Art of Persistence

"The art of love ... is largely the art of persistence." -Albert Ellis

Wednesday, July 04, 2007

Epiphany #302

A few weeks ago, just after Father's Day, I was driving home from work on an alternate route, trying to stop dwelling on my own heartaches and frustrations with career and finances, when I noticed an old house that reminded me powerfully of the house in which I grew up. It brought back images of my Dad when he was not yet aged, when he was struggling to raise three boys on his own. I remember him waking up before God so that he could work the job he didn't like so that he could pay the bills. I remember him sitting at the kitchen table concentrating powerfully on those bills. I remember him plowing that long driveway in the Winters before we were big enough to help. I remember him in his old clothes working in the garden to feed our growing appetites and save a few dollars. And that old house reminded me of our house: the archaic, threadbare carpet, hand-me-down furniture and general on-the-edge-of-tumble-down condition. Suddenly I realized that my Dad must have felt all the same heartaches and frustrations , except his were intensified by his love for three motherless boys.

It was all I could do to keep my tears in check enough to drive safely. I know that while growing up we all complained about not having or doing the same things as the neighbor kids.
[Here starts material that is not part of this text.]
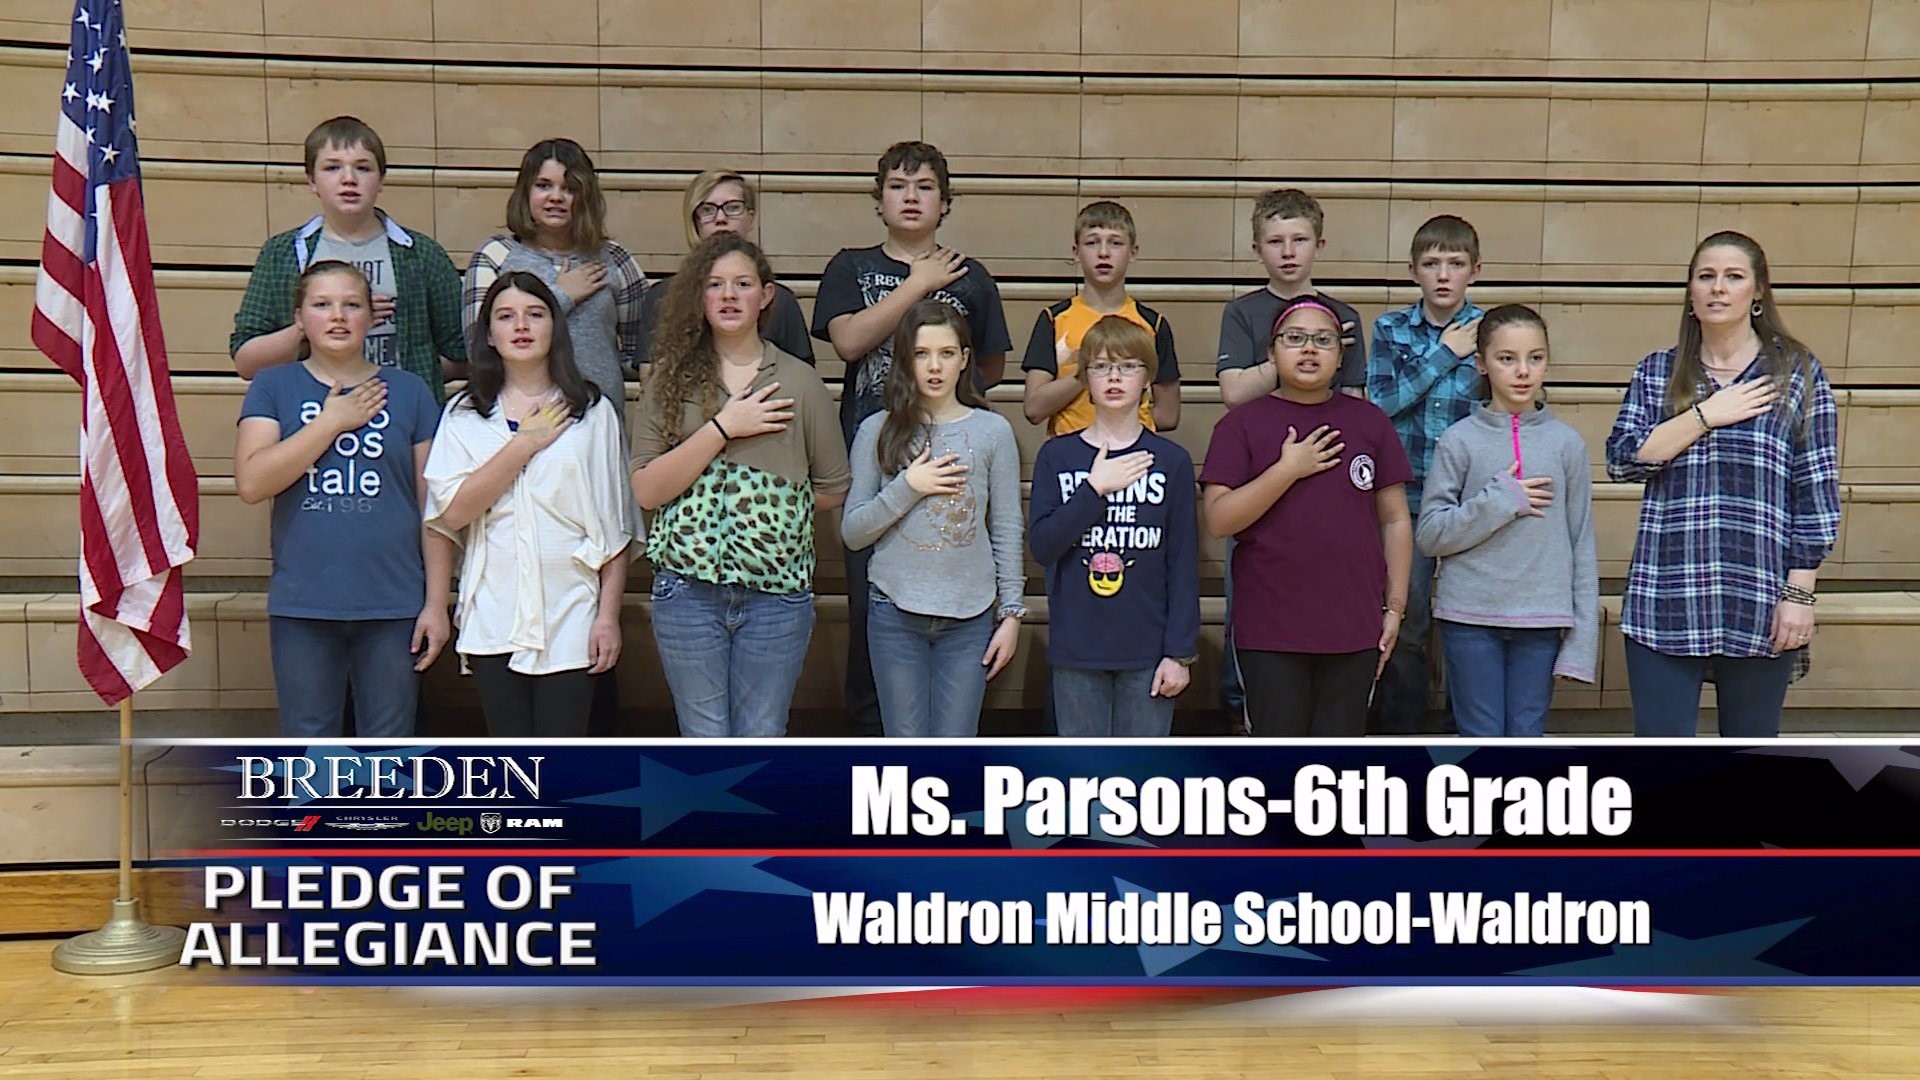 Ms. Parsons- 6th Grade Waldron Middle School, Waldron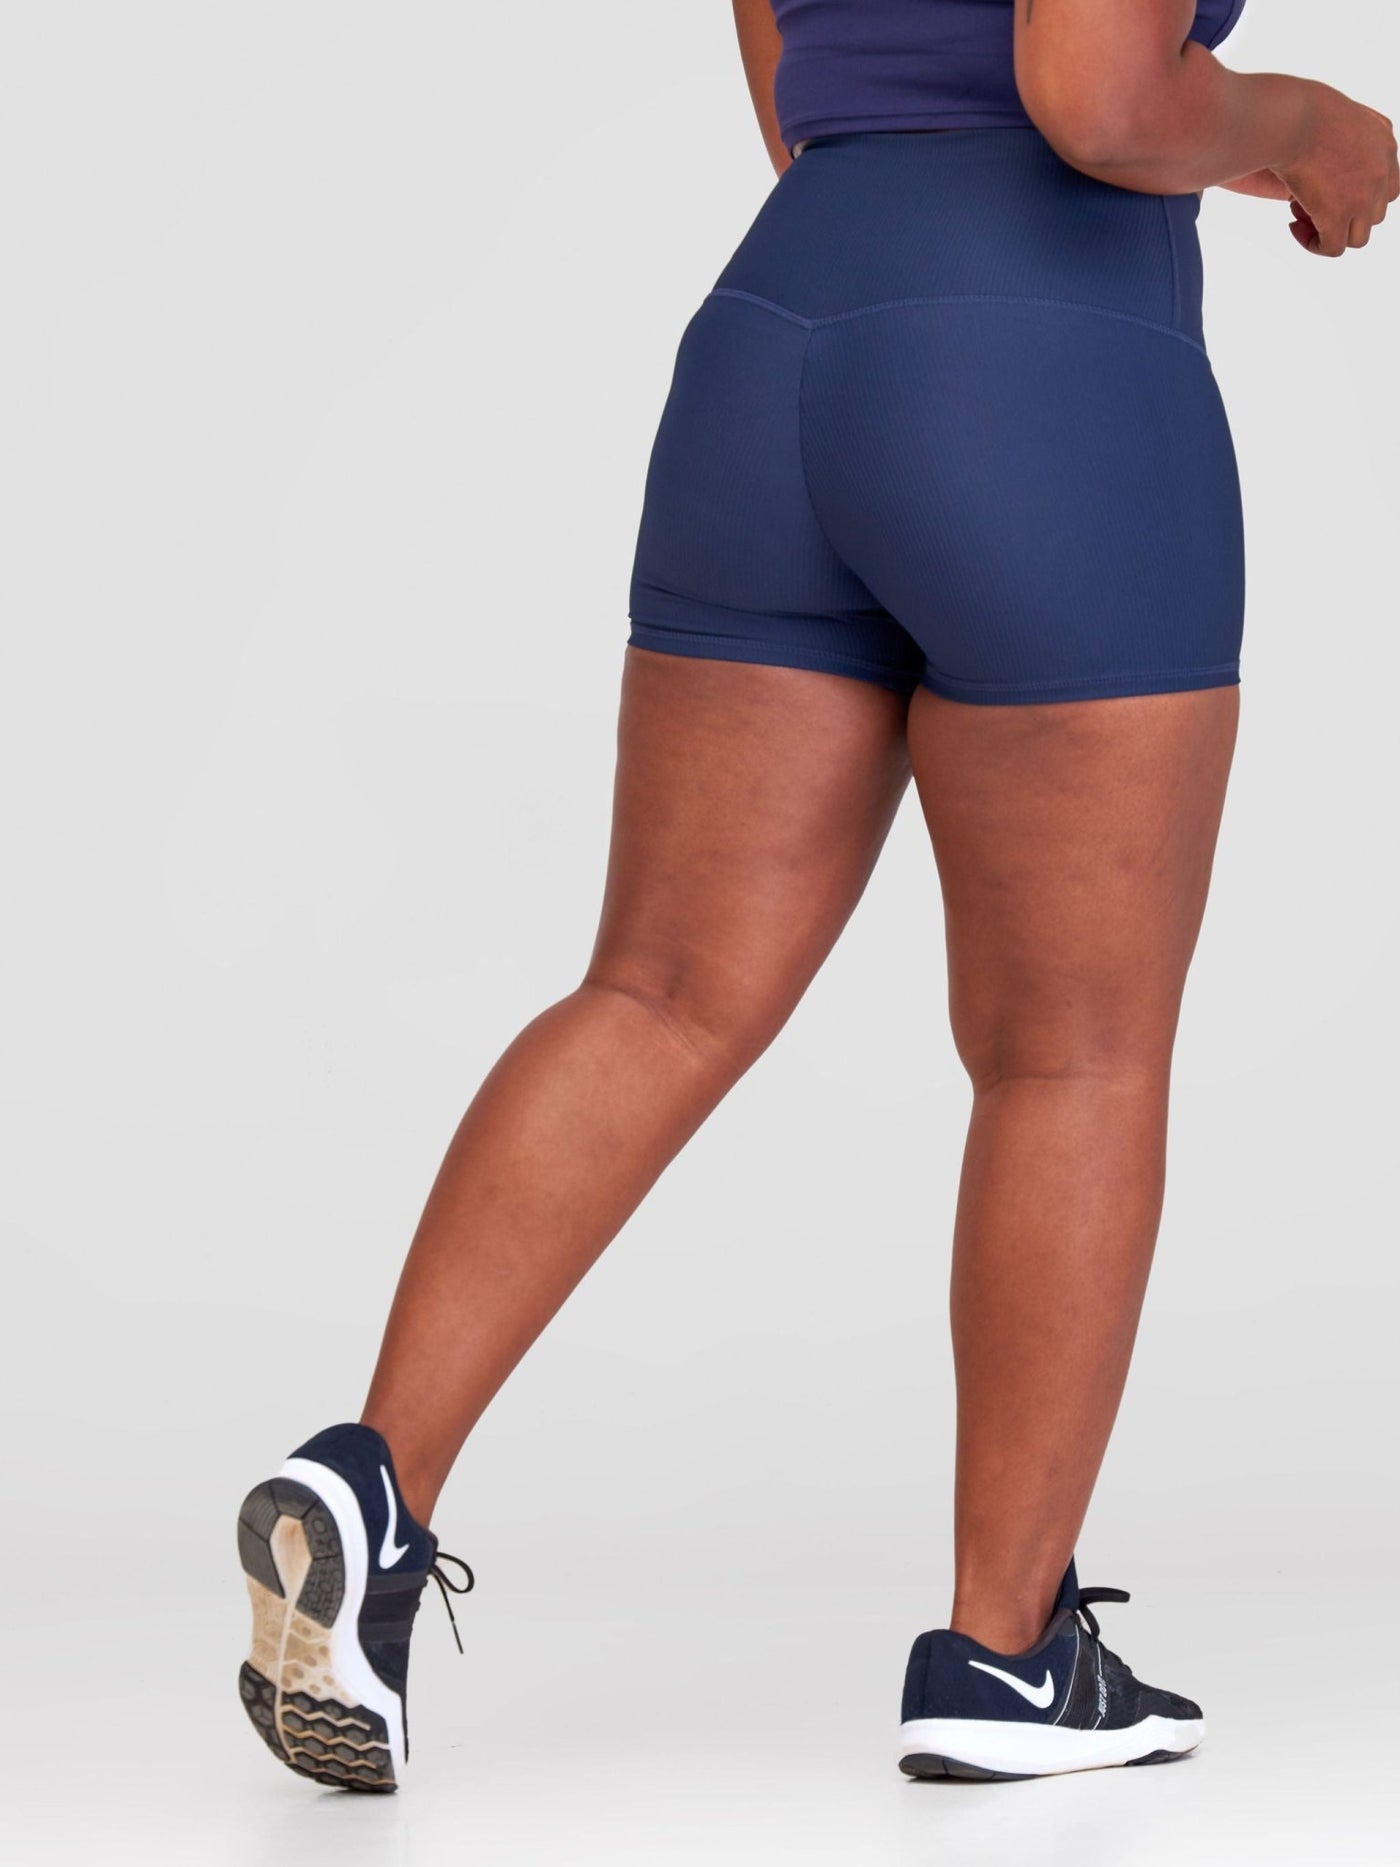 Ava Fitness Dazzle Workout Shorts - Dark Blue - Shopzetu

We whined about the lack of horses, minibikes, swimming pools, bb guns, etc.. As most kids, I had never really given much thought to how my Dad was working the best he knew how to provide for us. All I could see was what TV and the neighbors told me I should have, but didn't. Now I was feeling how all of this complaining must have added to his heartaches and frustrations.

This past weekend we went for a visit to see our families back in our home state. While leaving my Auntie's house, I noticed all the knick-knacks that she's acquired over the decades, some from her son, some from nieces and nephews (including me). And something like the feeling that I had experienced while driving past that old house came over me. I realized, I felt it in my bones, that my Auntie has felt many of those same heartaches and frustrations. I knew that any decent parent has struggled with heartaches and frustrations and has offered anguished prayers to provide something better for their children.

In my mind I could see a huge crowd of parents with their children. And I knew that each of these parents felt something of these same hurts that I've felt, but magnified because they were the result of their concern for their children. Driving back to our home in the diaspora, seeing all the names of towns full of people that I don't and will never know, I was moved by the thought of this enormous amount of love, by the millions of parents praying for their children, struggling and sacrificing for them. And there are not just whole towns, but whole states, whole countries, whole continents full of people I don't and will never know. And most of these parents are loving their children the best way they know how, pouring out their energy, their very lives for the sake of the helpless. Love circles the earth, cradles it, and lullabies it with heart-rending prayers for the future.